West Virgina - refloated May 17, 1942. She reached Pearl in September, 1944, and returned to combat October, 1944.
Utah (converted from a battleship to a target ship) sunk.
Oglala (minelayer) - refloated 'late 1942). Placed in full commission February 1944
So I couldn't come up with any that were sunk that were back in the war within a year, and only half, not most, that returned to service at all.
Sources - US Navy Historical Center
DANFS at Hazegray
The Democrats are intent on telling the giant to go back to sleep, all the while the building is burning down around it.
We are a sleeping giant, but lately it seems as if what we've done since 9/11 was more akin to groggily smacking at an annoying mosquito. All attempts to wake up fully have been hindered by the media's attempt to cover our ears and close our eyes to the horrific nature and goals of our enemies.
At least that has always been their excuse.
The US wasn't the only place that they could have obtained those materials.

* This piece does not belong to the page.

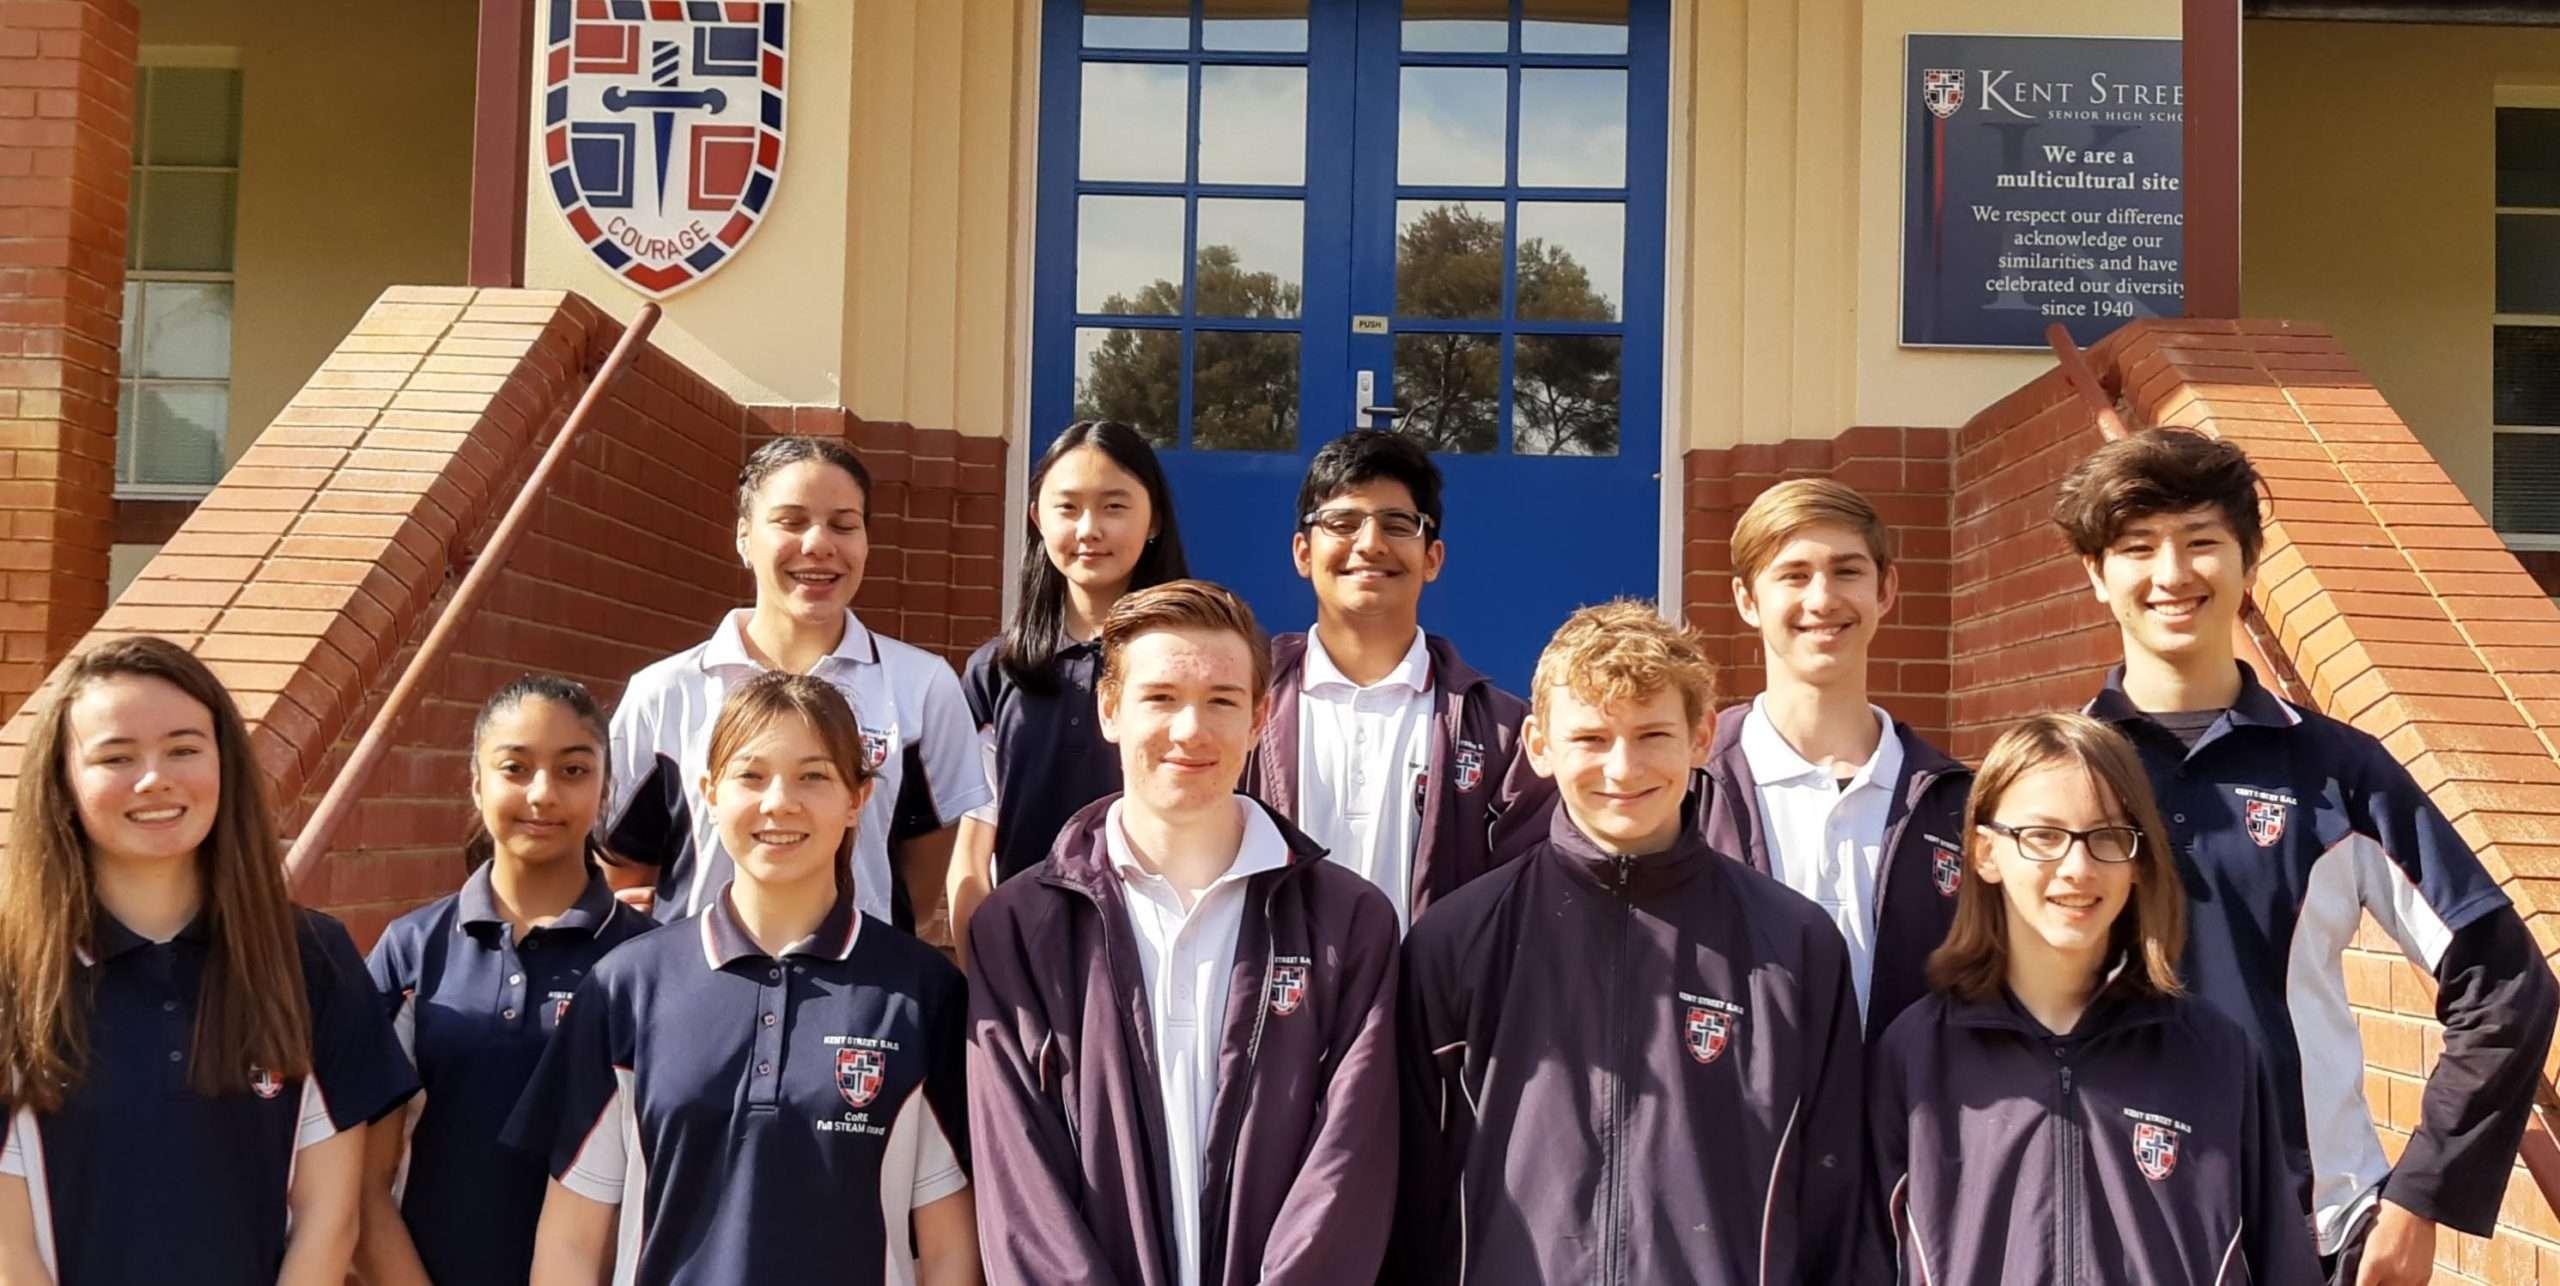 Kent St High School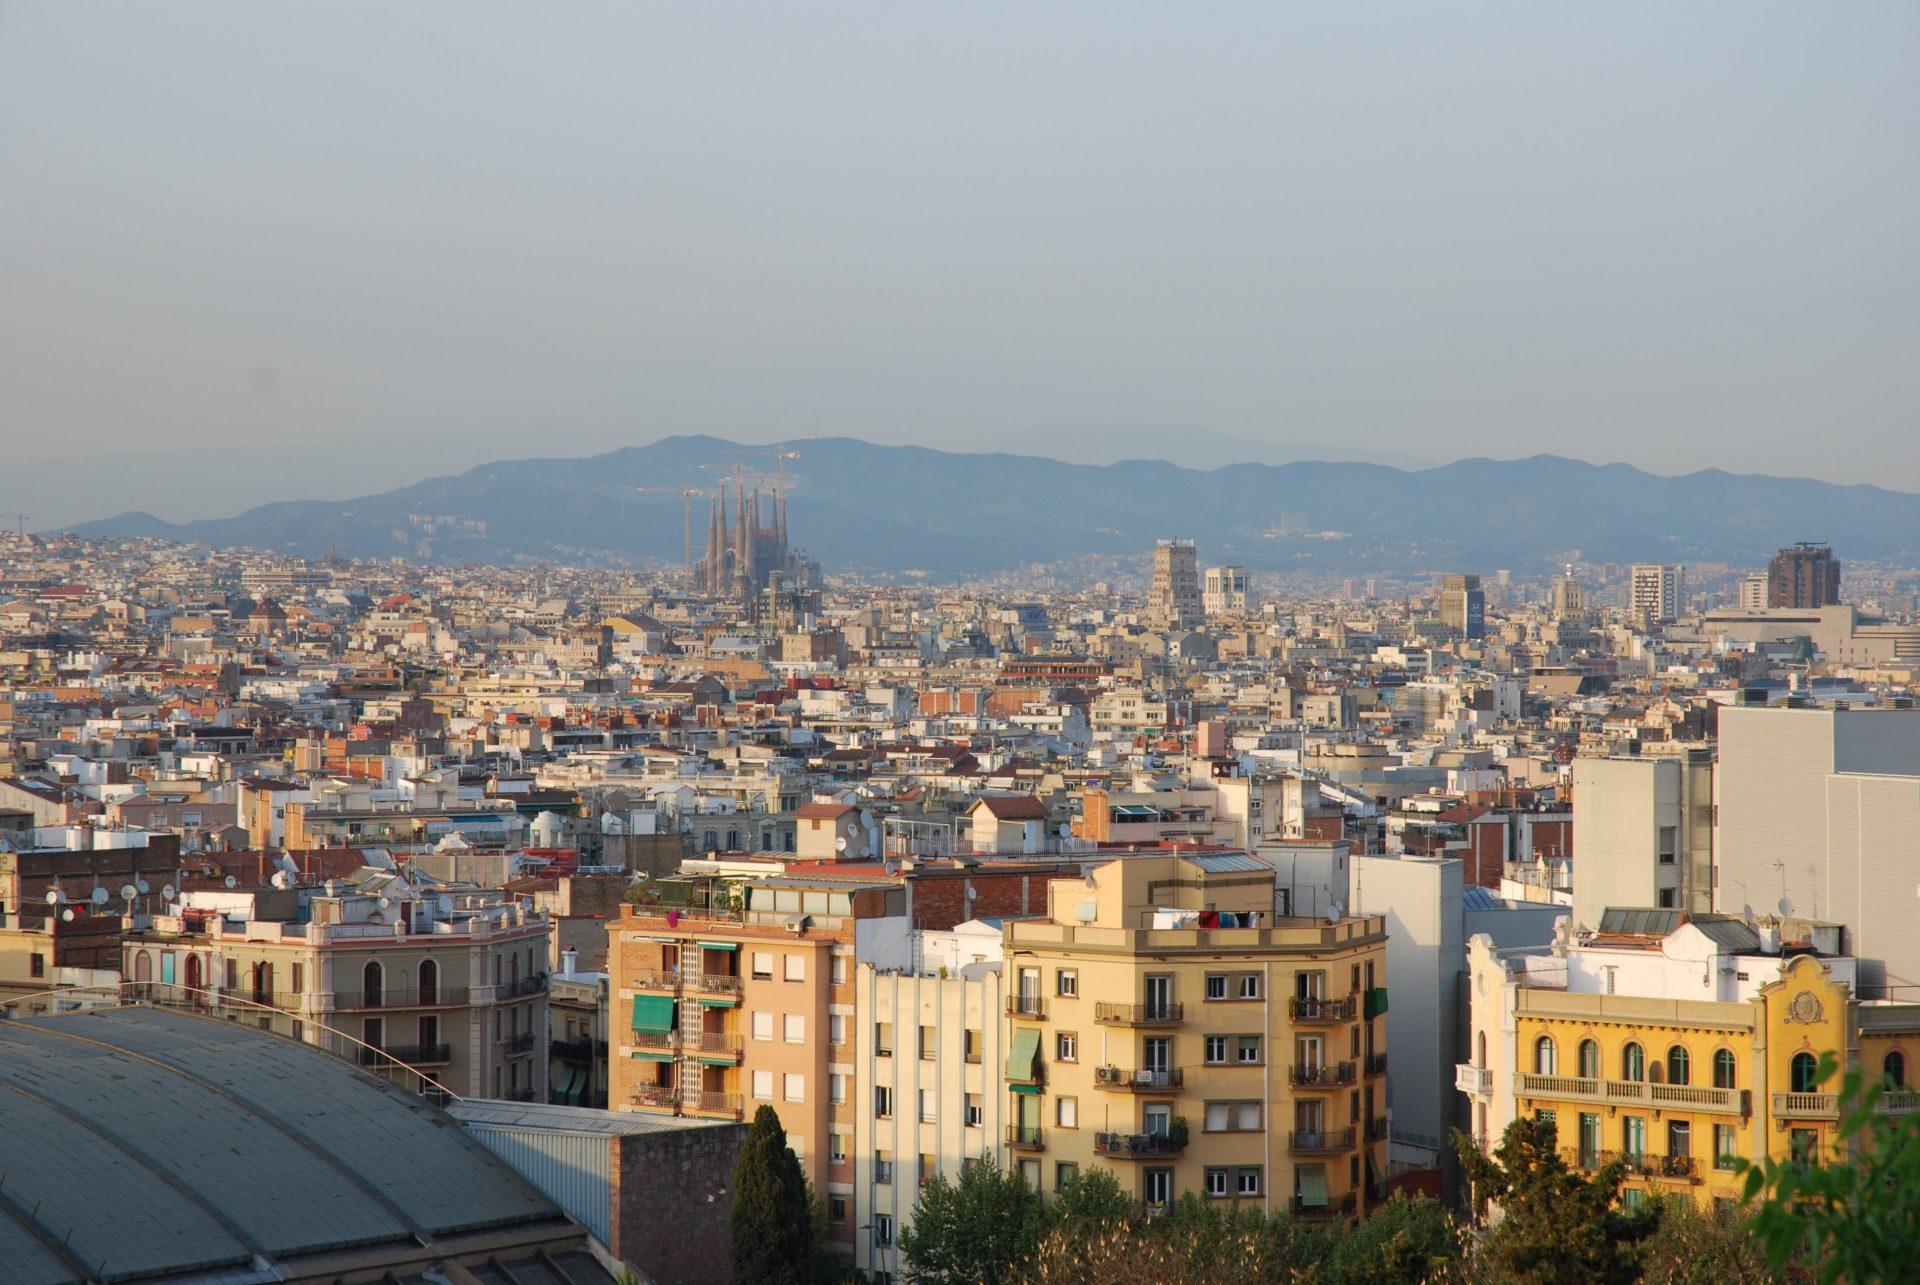 Вид на город, Барселона, Испания. Апрель, 2011

"Before we're through with them, the Japanese language will be spoken only in hell.! Admiral Halsey - December 1941
Now there is fighting spirit. No wonder McArthur called Halsey the greatest fighting Admiral of the Navy.
How come they don't make men like this anymore? Like Halsey and Patton. I know, everyone has to toe the pc line, blah, blah.
A sub can be built in 6-9 months, a carrier takes 18-24, a battleship 30-36. If you are aiming to win within a year, which do you go after?